Terzo capitolo: il trattenimento. La bozza contiene una norma che, nei CPR, limita la “libera detenzione” dei cellulari: i telefoni vengono custoditi dal gestore e messi a disposizione solo in orari e modalità autorizzate. È una scelta che ha un significato politico chiarissimo: ridurre voce, prova, contatto, controllo dal basso. Non è solo disciplina interna: è un colpo alla visibilità di ciò che accade nei luoghi dove lo Stato trattiene persone che non hanno commesso reati, ma sono considerate “gestione di flusso”.

In controluce, si intravede anche il rischio costituzionale classico di questo ciclo politico: quando ampli la discrezionalità dell’esecutivo e rendi più “automatiche” le procedure di frontiera e trattenimento, entri nel territorio dell’articolo 13 (libertà personale), dell’articolo 24 (difesa) e del principio di ragionevolezza. Alcuni commenti giuridici, già in questi mesi, avvertono che la traiettoria complessiva delle misure “di sicurezza” tende a spostarsi fuori dal solco della Carta, proprio perché normalizza eccezioni e scorciatoie.

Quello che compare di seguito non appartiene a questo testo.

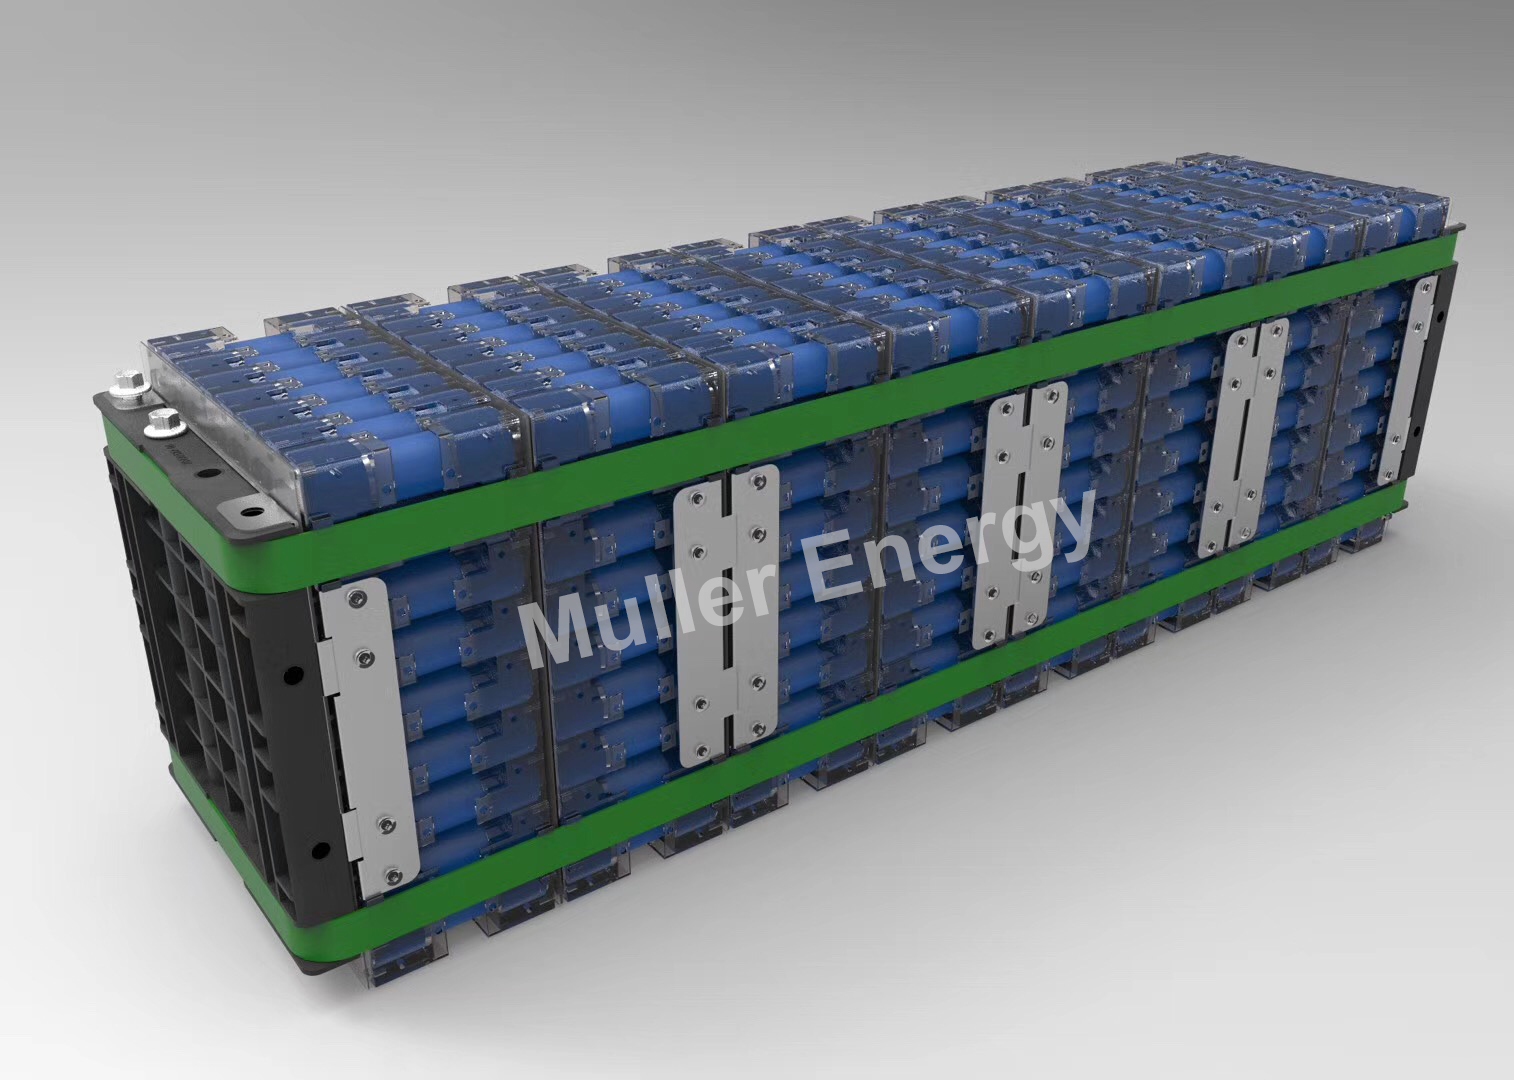 MULLER ENERGY Lithiumion battery pack

La politica lo chiamerà “governo dei confini”. Ma il confine, qui, è soprattutto un metodo: rendere la vulnerabilità una leva, trasformare la persona in una pratica, ridurre le garanzie a un intralcio, e presentare il tutto come inevitabile. È una crudeltà amministrativa che non si sporca le mani: delega, interdice, trasferisce, trattiene, limita i contatti, irrigidisce le protezioni. Poi si nasconde dietro lo slogan più comodo di tutti: sicurezza.

Se volete una cartina di tornasole semplice: un Paese davvero sicuro non ha bisogno di spegnere telefoni nei centri, di spostare persone “altrove” con intese opache, di trasformare il diritto in un premio per chi ha già i requisiti. Un Paese sicuro regge la legalità anche quando è faticosa. Qui, invece, si sta costruendo un sistema che funziona meglio quando nessuno guarda.